In your reply, repeat the full listing exactly and leave each picture out.

* GIVEN DATA:
────────

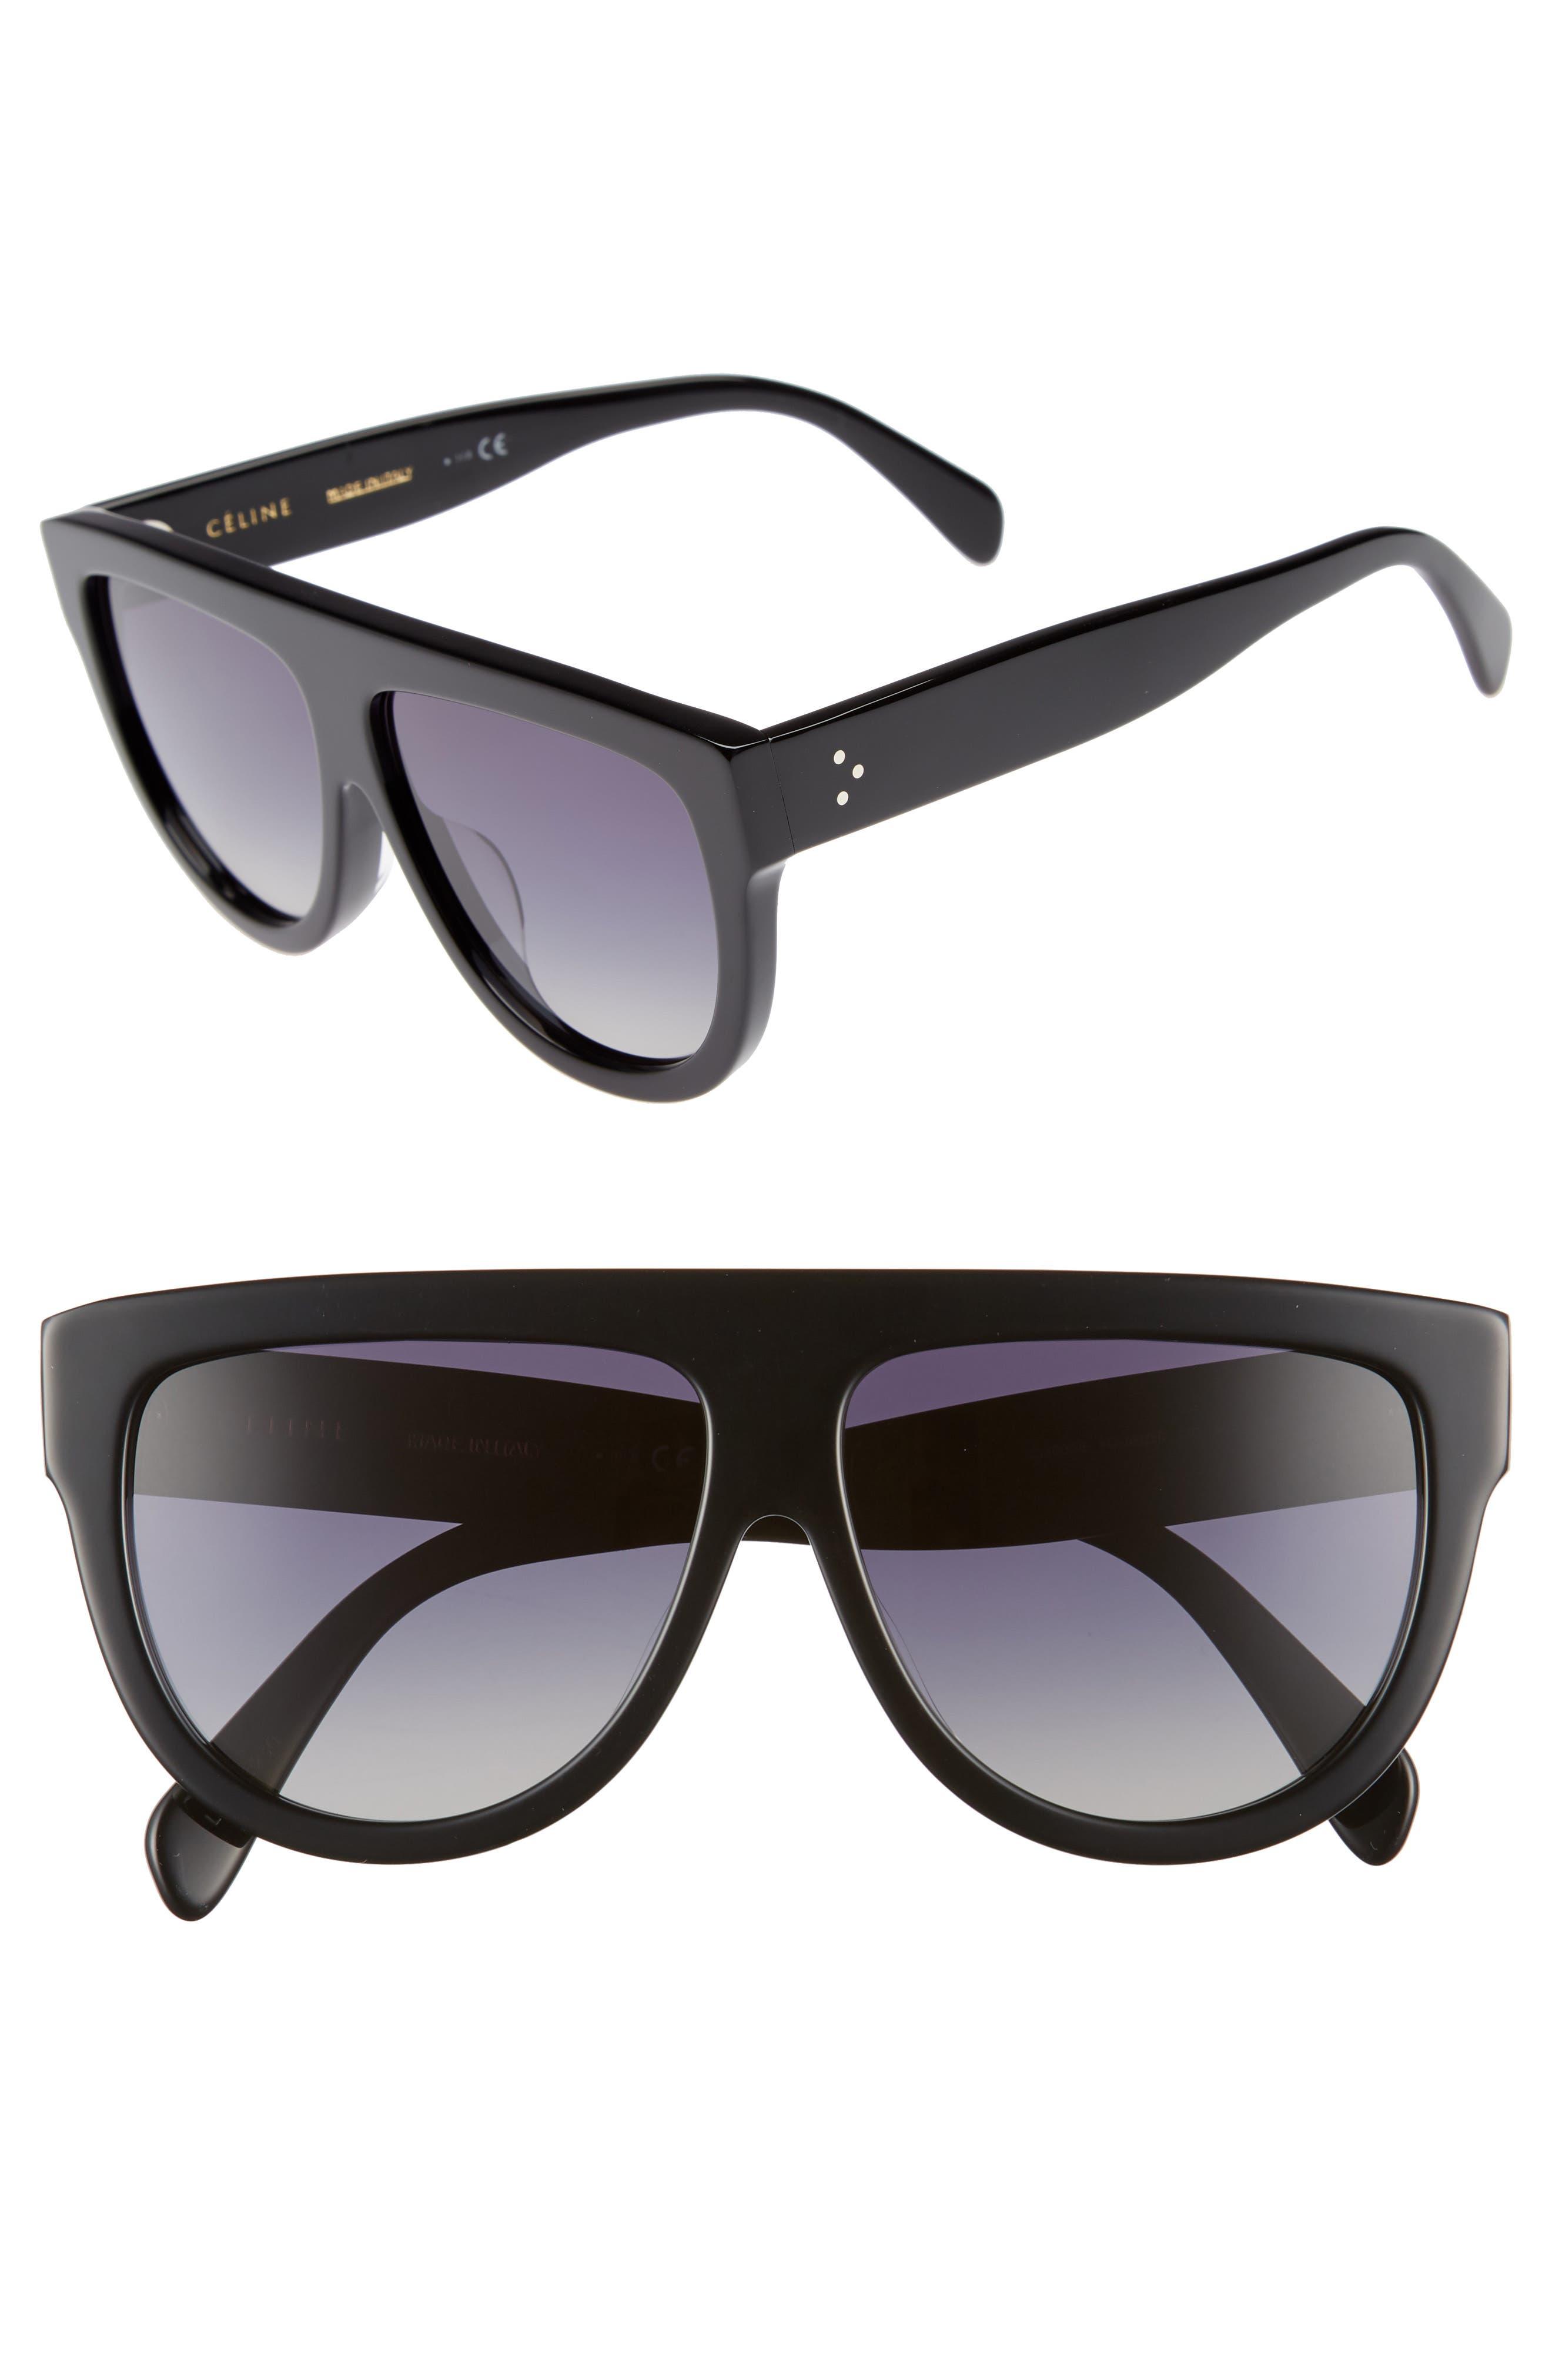 Special Fit 60mm Polarized Gradient Flat Top Sunglasses,                             Main thumbnail 1, color,                             BLACK/ GRADIENT SMOKE
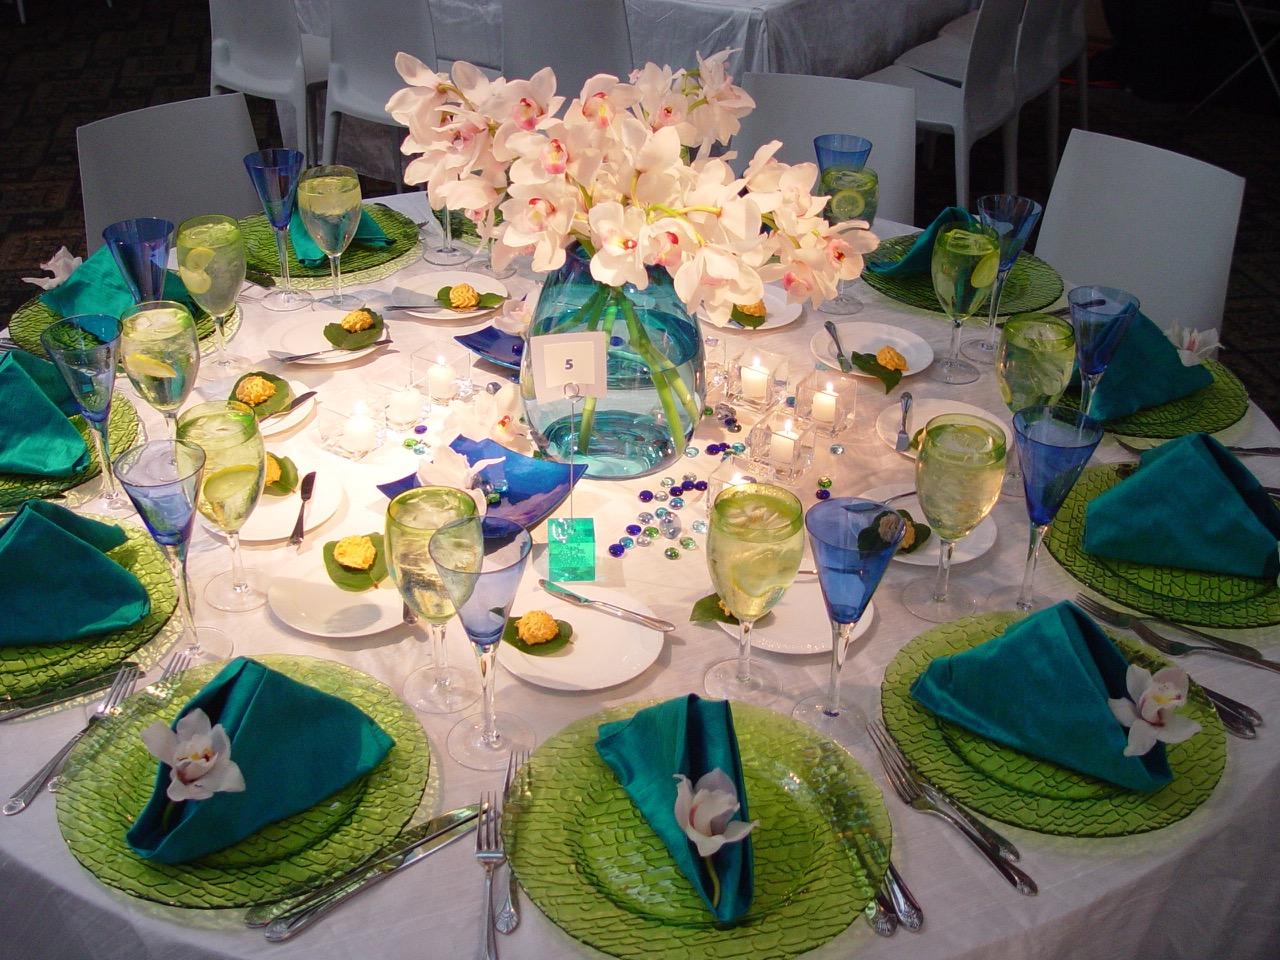 Event+Decor+Design+Lighting+NJ+NYC+Eggsotic+Events+NJs+Best+Event+Decorator+Event+Lighting+Event+Design+Wedding+Bar+Mitzvah+Bat+Mitzvah+Gala+Fundraiser+25.jpg
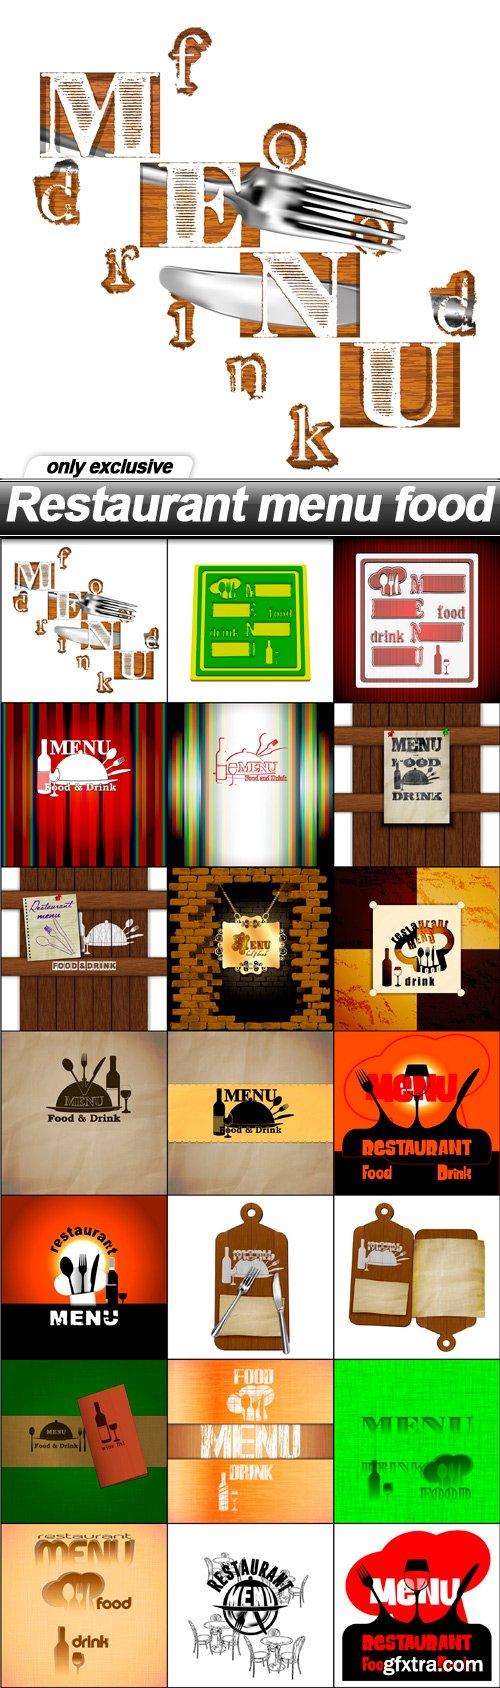 Restaurant menu food - 21 EPS

────────

* RESPONSE BOX:
 Special Fit 60mm Polarized Gradient Flat Top Sunglasses,                             Main thumbnail 1, color,                             BLACK/ GRADIENT SMOKE
 Event+Decor+Design+Lighting+NJ+NYC+Eggsotic+Events+NJs+Best+Event+Decorator+Event+Lighting+Event+Design+Wedding+Bar+Mitzvah+Bat+Mitzvah+Gala+Fundraiser+25.jpg
 Restaurant menu food - 21 EPS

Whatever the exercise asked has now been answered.